Radiotherapy can cause infertility in both men and women. However, few data are available concerning the effects of radioiodine therapy for thyroid carcinoma on testicular function. We investigated 25 men (age 23-73 years) with differentiated thyroid carcinoma in a longitudinal prospective trial. Follicle-stimulating hormone (FSH), inhibin B, luteinising hormone (LH) and testosterone were measured before (n = 25) and 3 months (n = 11), 6 months (n = 18), 12 months (n = 22), and 18 months (n = 18) after radioiodine therapy [radioiodine dose (mean +/- SEM): 9.8+/-0.89 GBq]. Before therapy, FSH was 5.4+/-0.77 IU/l; it increased significantly (P<0.001) to 21.3+/-2.4 IU/l after 6 months and fell to 7.4+/-1.3 IU/l after 18 months (normal range: 1.8-9.2 IU/l). Inhibin B was significantly decreased (P<0.001) from 178+/-25.3 pg/ml before therapy to 22.2+/-5.5 pg/ml after 3 and 29.4+/-5.7 pg/ml after 6 months and rose to 154+/-23.3 pg/ml after 18 months (normal range 75-350 pg/ml). LH and testosterone were within the normal range during the whole study (1.6-9.2 IU/l and 10.4-34.7 nmol/l, respectively). LH was significantly increased (P<0.001) from 2.8+/-0.33 IU/l before therapy to 5.9+/-0.69 IU/l 6 months after therapy and then fell slowly to 4.0+/-0.45 IU/l after 18 months. Total testosterone was significantly increased (P<0.01) from 12.8+/-0.99 nmol/l at baseline to 19.8+/-1.7 nmol/l after 12 months and 19.6+/-1.7 nmol/l after 18 months. The testosterone/LH ratio (normal range: 3.3-17.9 nmol/IU) fell from 5.8+/-0.66 nmol/IU to 3.0+/-0.36 nmol/IU after 3 months (P<0.01); it remained close to the latter value after 6 months (3.4+/-0.49 nmol/IU) and then rose to 5.5+/-0.6 nmol/IU after 18 months.

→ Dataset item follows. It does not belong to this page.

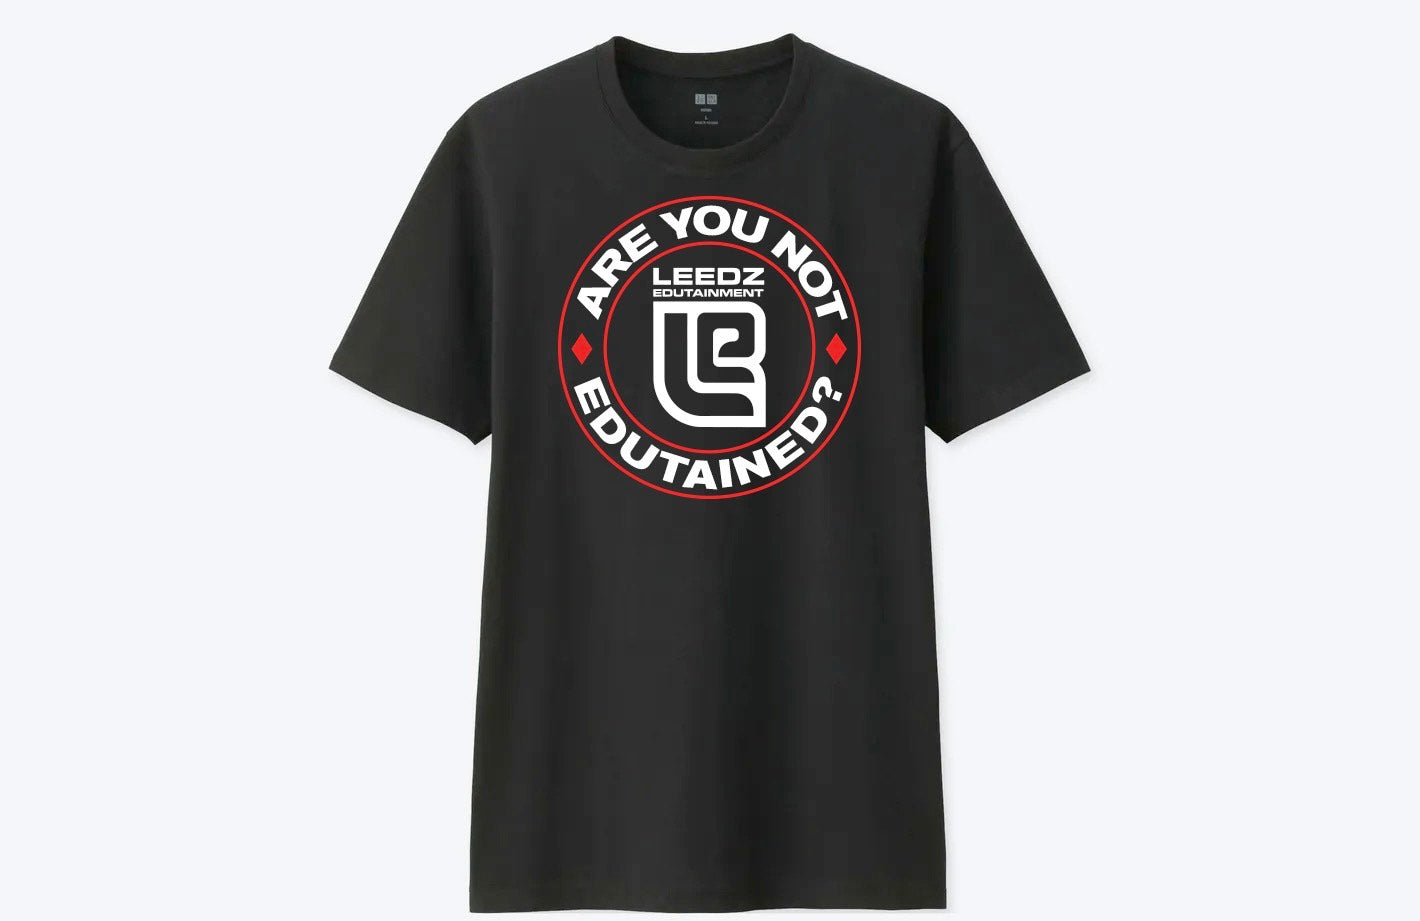 Leedz Edutainment "Are You Not Edutained?" T-Shirt

In conclusion, 3 and 6 months after radioiodine therapy all patients showed elevated FSH and decreased inhibin B levels, reflecting severely impaired spermatogenesis. At the same time a compensated insufficiency of the Leydig cell function was observed. Eighteen months after the last radioiodine therapy, mean values of gonadal function had completely recovered.

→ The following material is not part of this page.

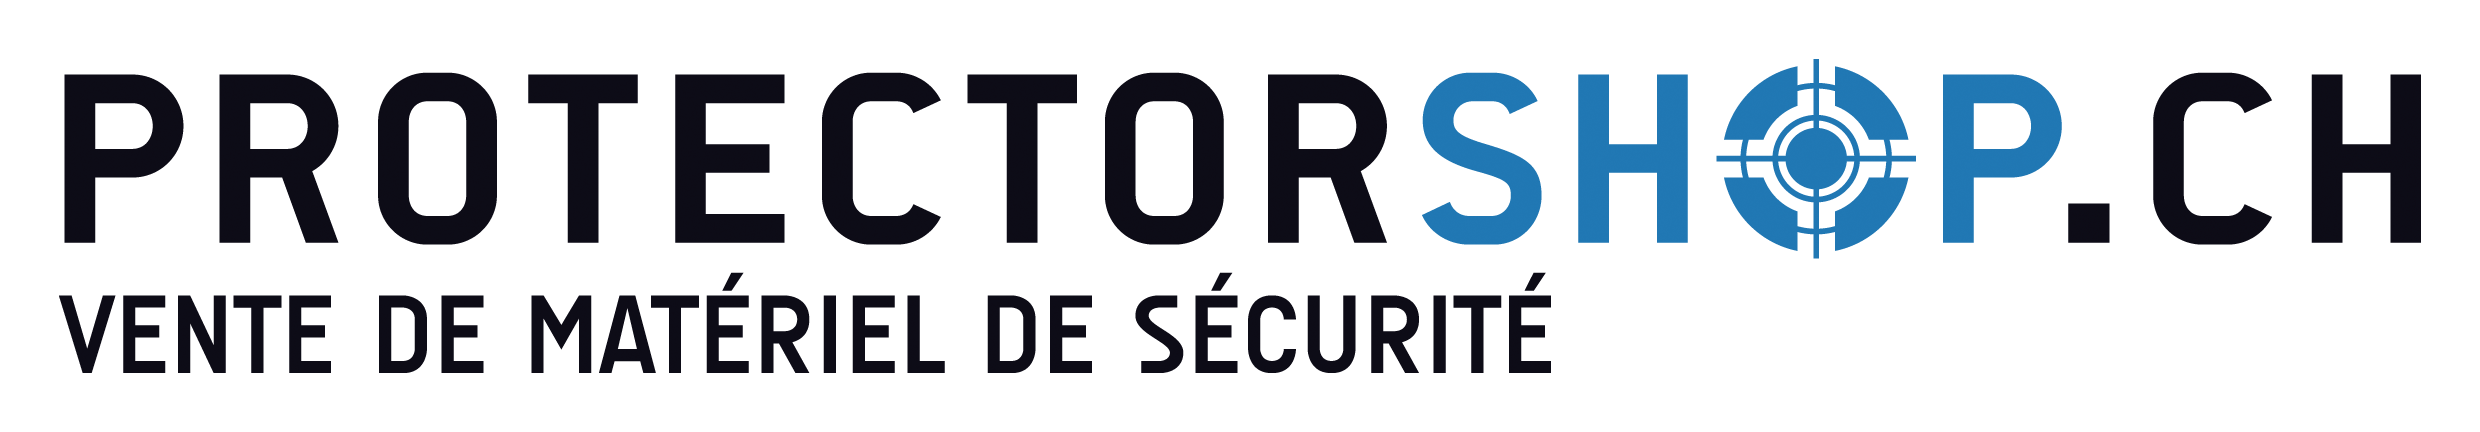 protectorshop_logo

放射治疗可导致男性和女性不育。然而,关于放射性碘治疗甲状腺癌对睾丸功能的影响,现有数据较少。我们在一项纵向前瞻性试验中对25名(年龄23 - 73岁)分化型甲状腺癌男性患者进行了研究。在放射性碘治疗前(n = 25)以及治疗后3个月(n = 11)、6个月(n = 18)、12个月(n = 22)和18个月(n = 18)测量了促卵泡生成素(FSH)、抑制素B、促黄体生成素(LH)和睾酮[放射性碘剂量(均值±标准误):9.8±0.89 GBq]。治疗前,FSH为5.4±0.77 IU/l;6个月后显著升高(P<0.001)至21.3±2.4 IU/l,18个月后降至7.4±1.3 IU/l(正常范围:1.8 - 9.2 IU/l)。抑制素B从治疗前的178±25.3 pg/ml显著降低(P<0.001),3个月后降至22.2±5.5 pg/ml,6个月后降至29.4±5.7 pg/ml,18个月后升至154±23.3 pg/ml(正常范围75 - 350 pg/ml)。在整个研究期间,LH和睾酮均在正常范围内(分别为1.6 - 9.2 IU/l和10.4 - 34.7 nmol/l)。LH从治疗前的2.8±0.33 IU/l显著升高(P<0.001)至治疗后6个月的5.9±0.69 IU/l,然后在18个月后缓慢降至4.0±0.45 IU/l。总睾酮从基线时的12.8±0.99 nmol/l显著升高(P<0.01),12个月后升至19.8±1.7 nmol/l,18个月后升至19.6±1.7 nmol/l。睾酮/LH比值(正常范围:3.3 - 17.9 nmol/IU)在3个月后从5.8±0.66 nmol/IU降至3.0±0.36 nmol/IU(P<0.01);6个月后仍接近该值(3.4±0.49 nmol/IU),然后在18个月后升至5.5±0.6 nmol/IU。总之,放射性碘治疗后3个月和6个月,所有患者FSH升高且抑制素B水平降低,反映精子发生严重受损。同时观察到睾丸间质细胞功能存在代偿性不足。最后一次放射性碘治疗18个月后,性腺功能均值已完全恢复。